Table 2.

Potential strategies toward improved early diagnosis, staging, and response to therapy of canine glaucoma

Detailed clinical and genetic definition of breed‐specific forms of primary glaucoma with similarities and differences with human forms of glaucoma.

Development of more accurate classification of canine glaucoma.

Standardization and development of grading scheme for ultrasound biomicroscopy measurements and ciliary cleft width.

Facilitation of routine direct and indirect measurement of aqueous humor dynamics, such as episcleral venous pressure, tonography, and fluorophotometry, allowing estimation of conventional and unconventional outflow.

Development of continuous tonometry and determination of its value for early diagnosis.*

Definition of safe, healthy target IOP, and its potential individual variability.

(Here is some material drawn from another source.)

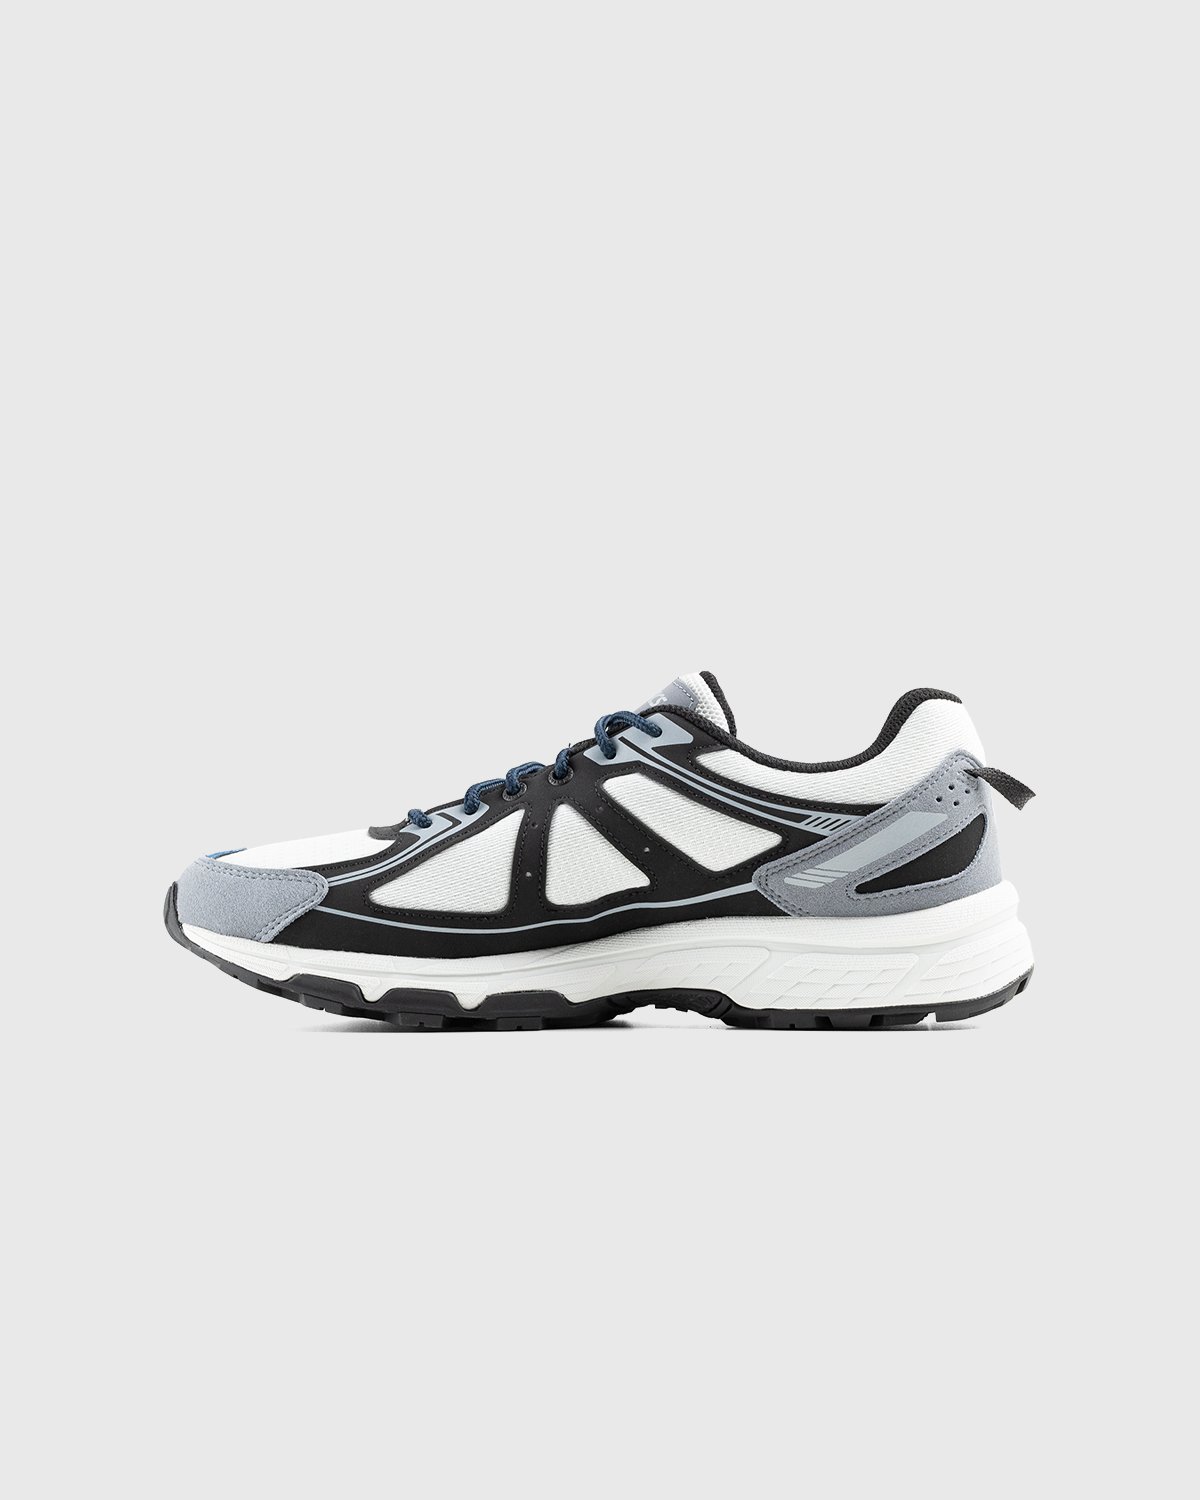 asics - Gel-Venture 6 Glacier Grey Black - Footwear - Grey - Image 2
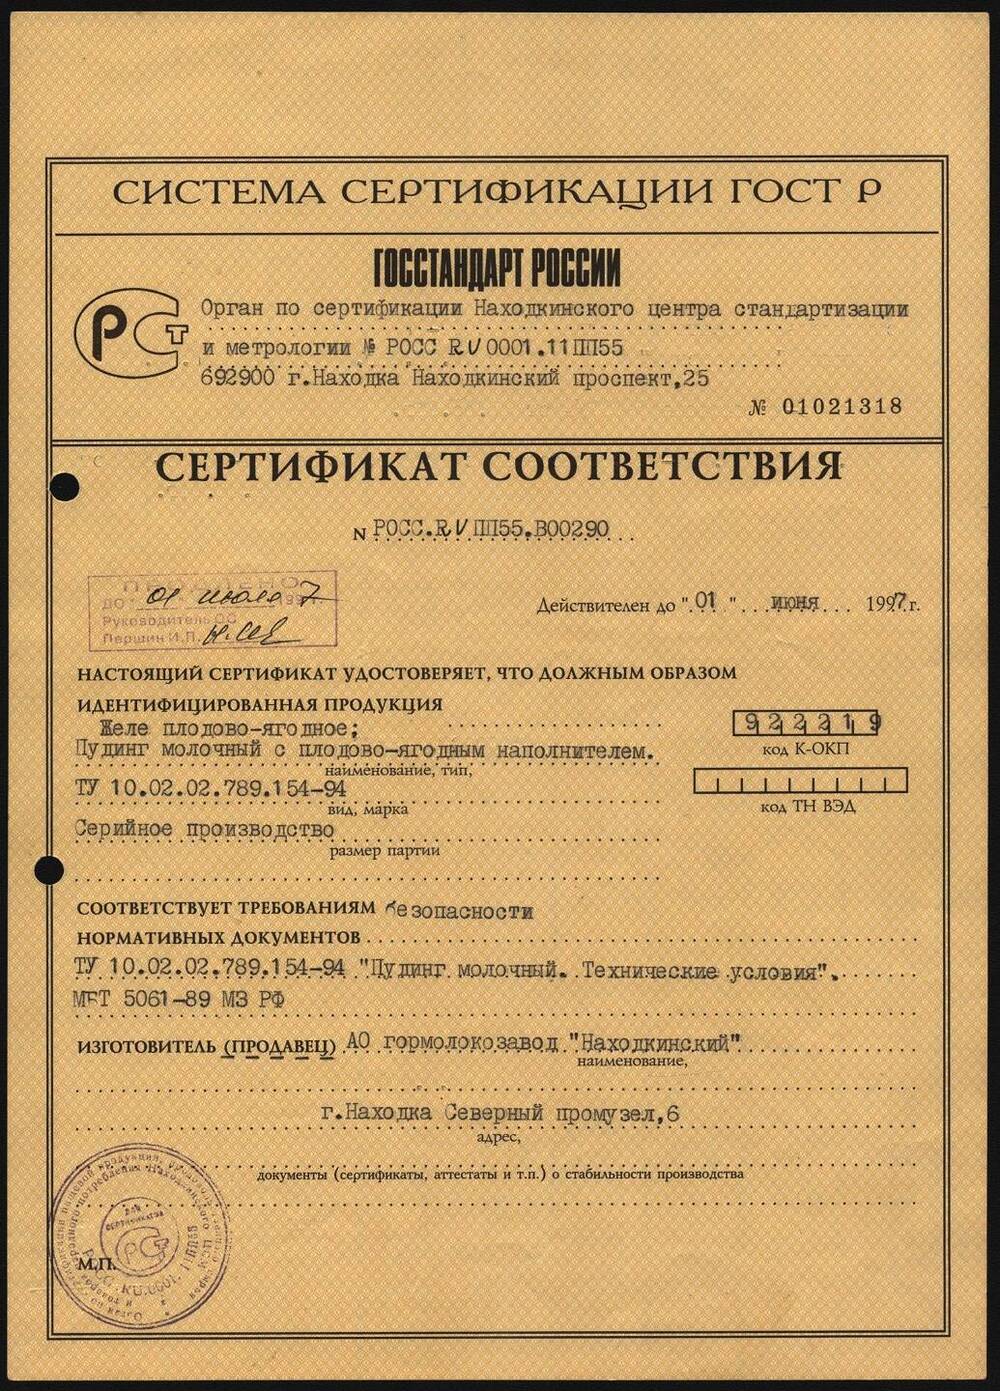 Сертификат соответствия на удостоверение и идентификацию продукции АО гормолокозавод Находкинский.

Routine assessment of iridocorneal angle morphology and regional variability, including pectinate ligament dysplasia and width of ciliary cleft.

Review and revision of relevant and definable iridocorneal angle classification, including the effect of age and disease.

Validation and comparison of high‐resolution imaging technologies, for both anterior and posterior segment.*

Development of functional techniques, such as electroretinography and pupillometry, for early detection of retinal and optic nerve damage.*

Development of molecular and genetic glaucoma markers for clinical application.

Determination of inter‐individual differences in responsiveness to glaucoma drugs and nonresponder rates.

^*Many of these technologies already exist but need to be validated for canine glaucoma.